4. Tras la necesaria comparación se tiene que mientras la falsedad material de particular en documento público se sancionaba con pena de prisión de dos (2) a ocho (8) años según el artículo 220 del Código Penal de 1980, esa falsedad cometida por servidor público implicaba prisión de tres (3) y diez (10) años, de acuerdo con el artículo 218 del mismo estatuto.
5. Si la ejecutoria de la acusación ocurrió el 22 de junio del 2001, cuando la fiscalía de segunda instancia confirmó la imputación, no hay duda que ya transcurrió el término necesario que impide al Estado continuar con el ejercicio de la potestad punitiva, pues el máximo previsto en la ley -8 años- reducido a la mitad por tratarse de fase de juicio, hace que ese fenómeno haya operado a los cinco (5) años, es decir, el 22 de junio del 2006, antes de que el asunto arribara a la Corte para efectos de la casación.
Y la situación sería aún más calamitosa si acudiendo a la favorabilidad se tomara como referente el Código Penal del 2000, pues en este esa falsedad cometida por particular tiene un máximo punitivo de seis (6) años (artículo 287) y la realizada por servidor público un máximo de ocho (8) años (artículo 287.2).

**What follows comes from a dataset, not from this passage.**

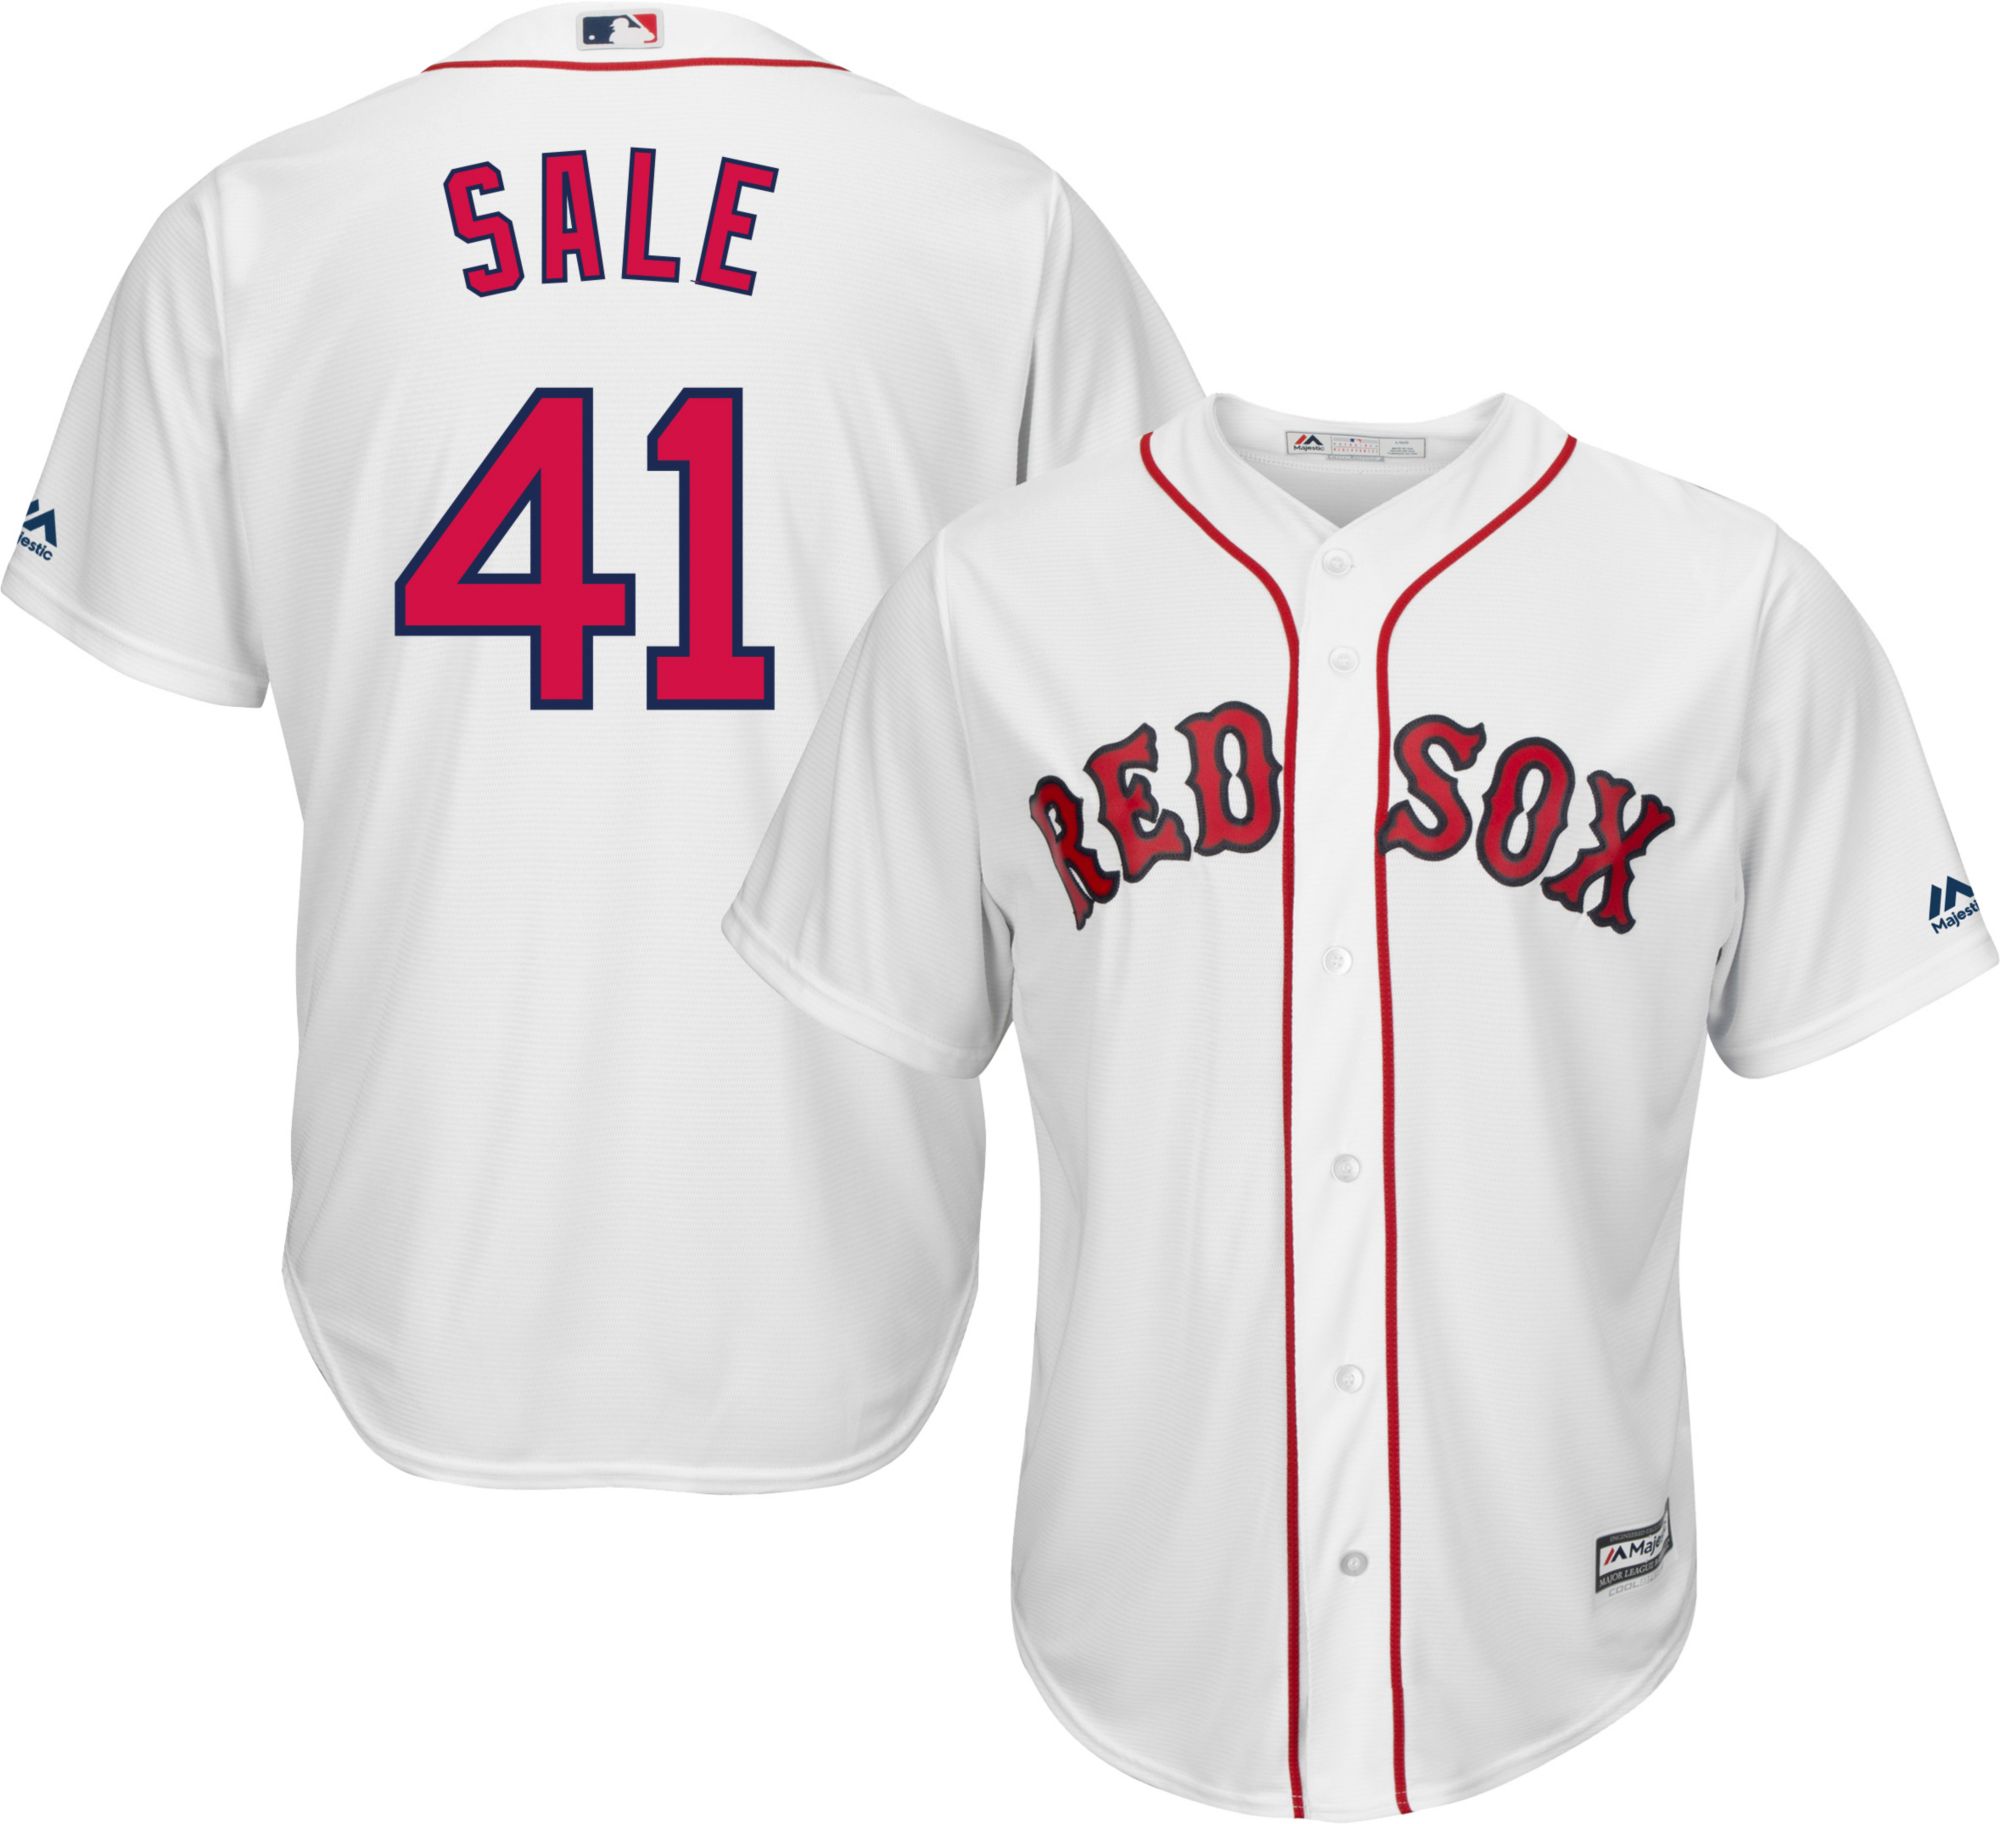 red sox 34 jersey
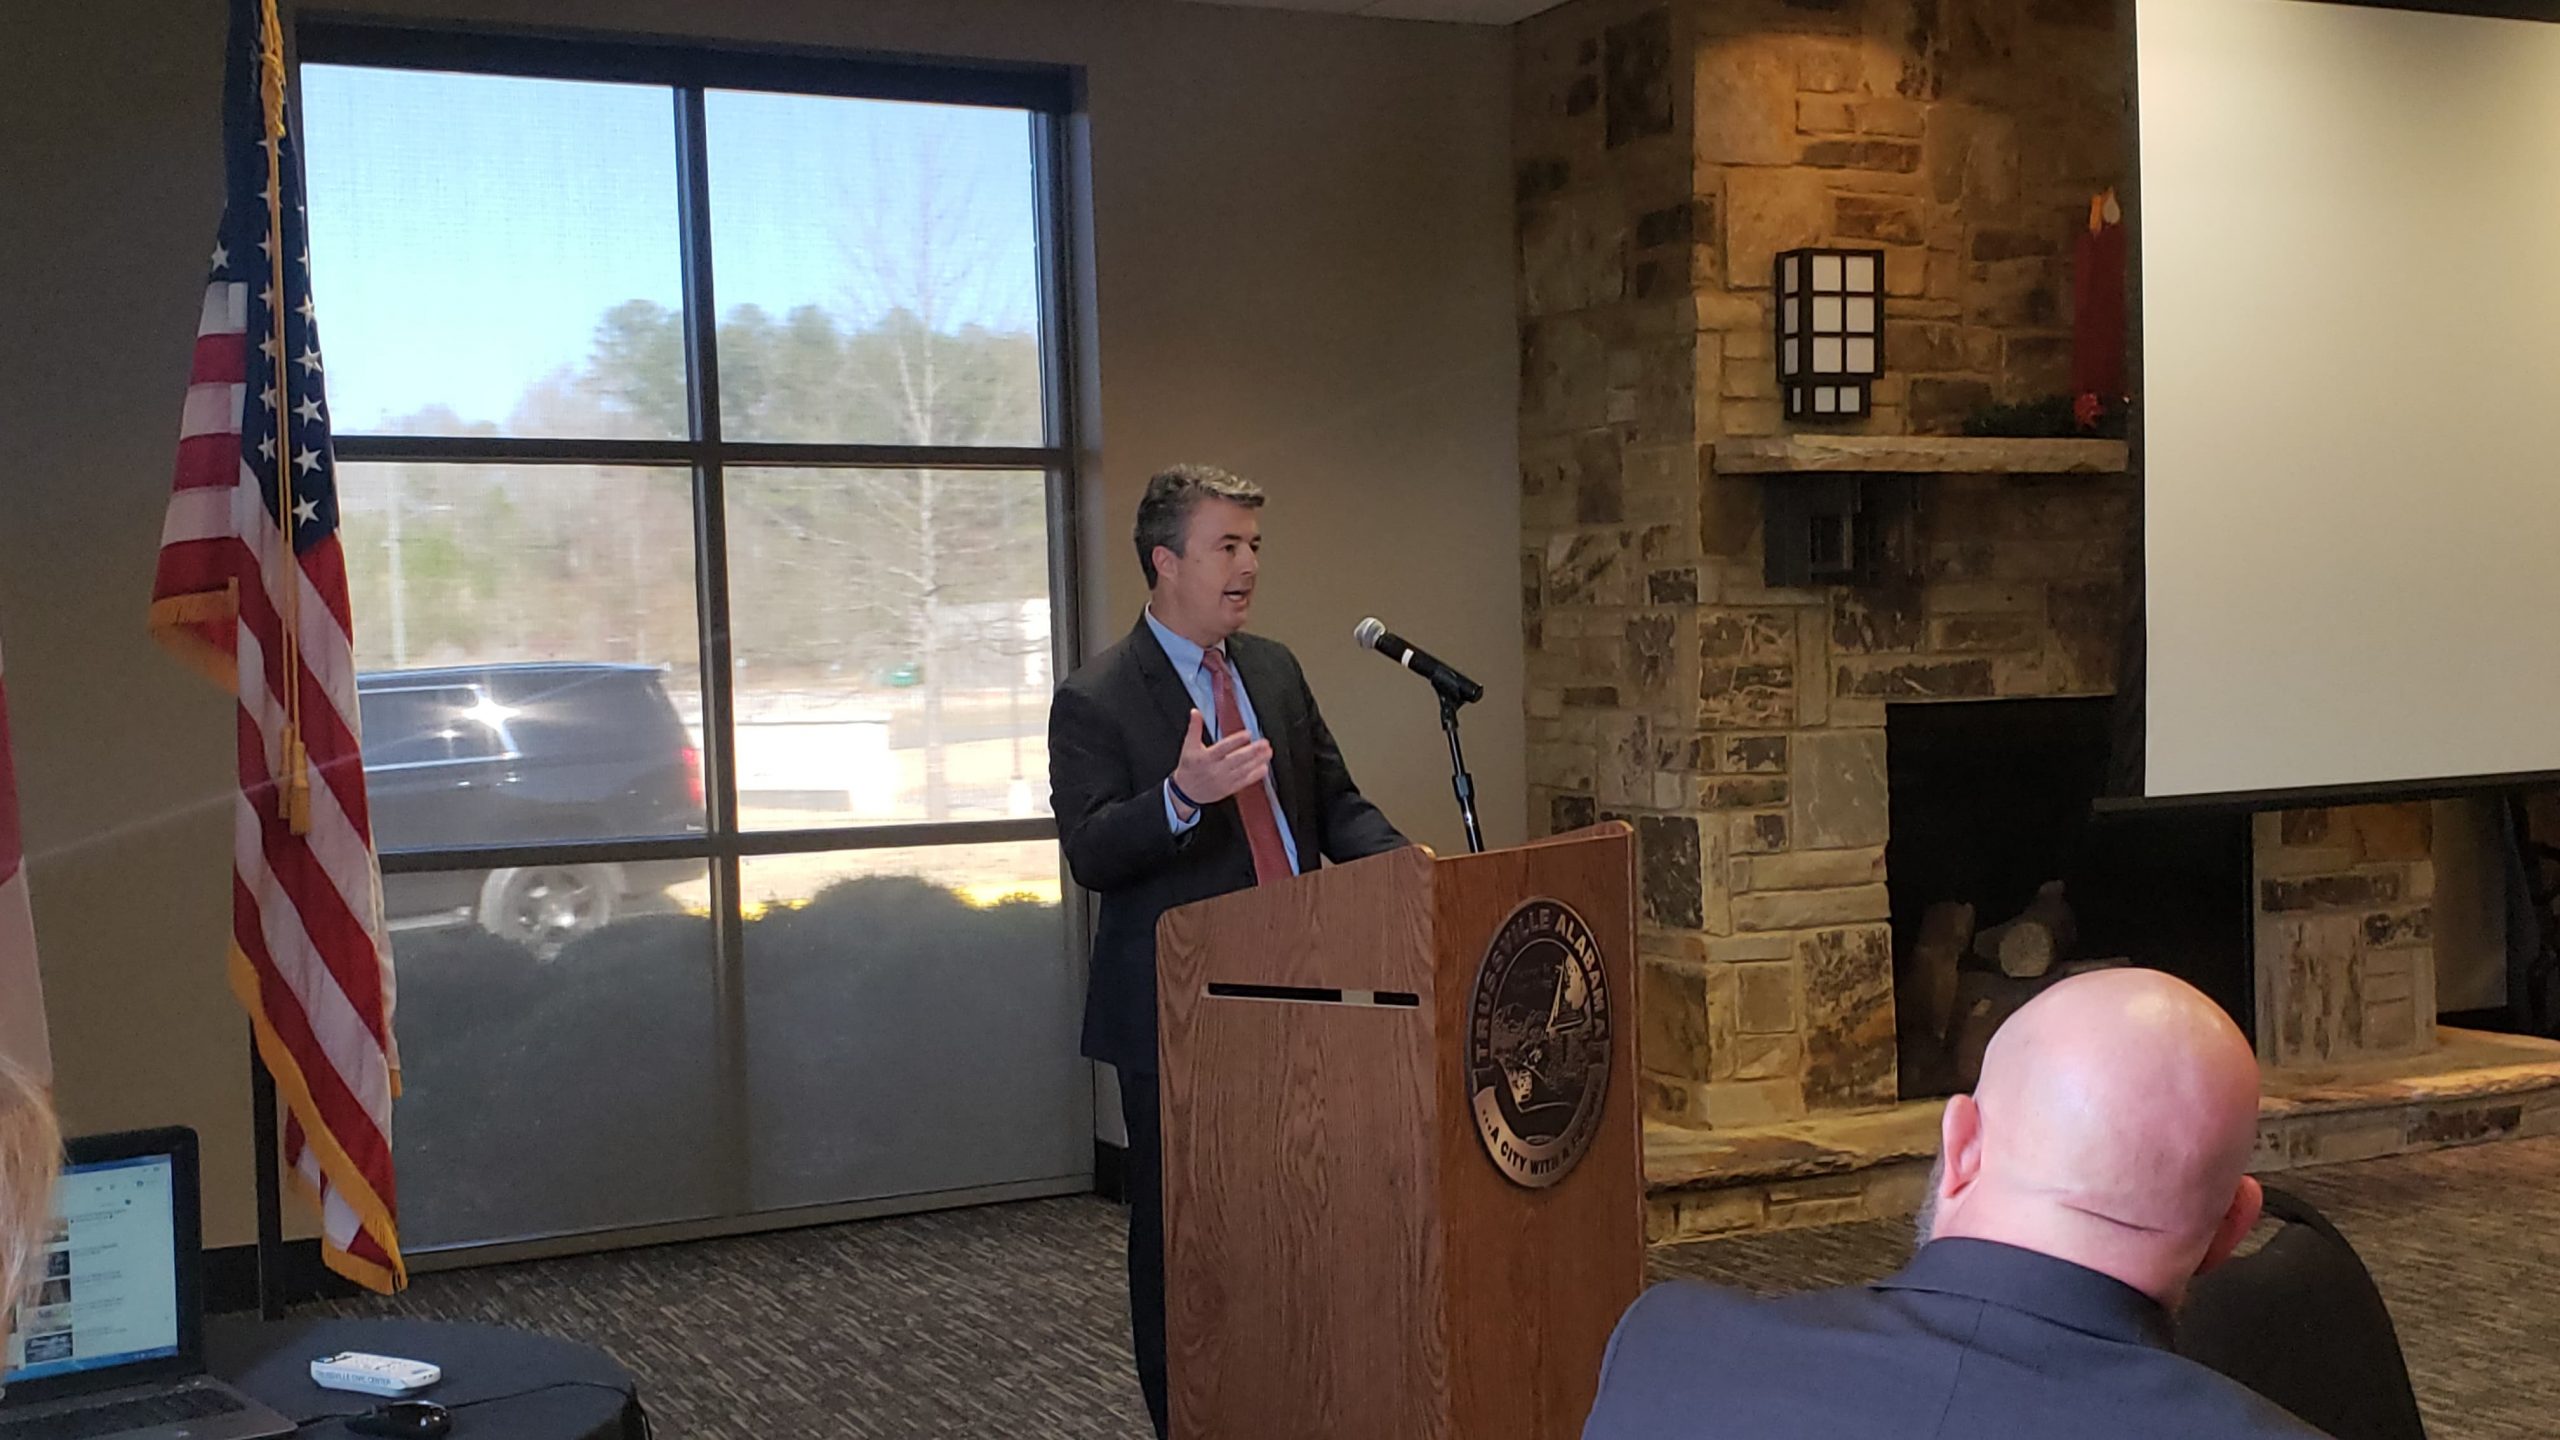 OPINION: Executive Director of Trussville Area Chamber of Commerce on reopening the economy

En mérito de lo expuesto, la Sala de Casación Penal de la Corte Suprema de Justicia, administrando justicia en nombre de la República y por autoridad de la ley,
RESUELVE
1. CASAR oficiosa y parcialmente la sentencia condenatoria dictada por el Tribunal Superior de Montería contra la ciudadana Ruth Julieta Ortiz Castro, y CESAR todo procedimiento contra la misma por el delito de falsedad material de particular en documento público, descrito y sancionado en el artículo 220 del decreto 100 de 1.980, por prescripción de la acción penal.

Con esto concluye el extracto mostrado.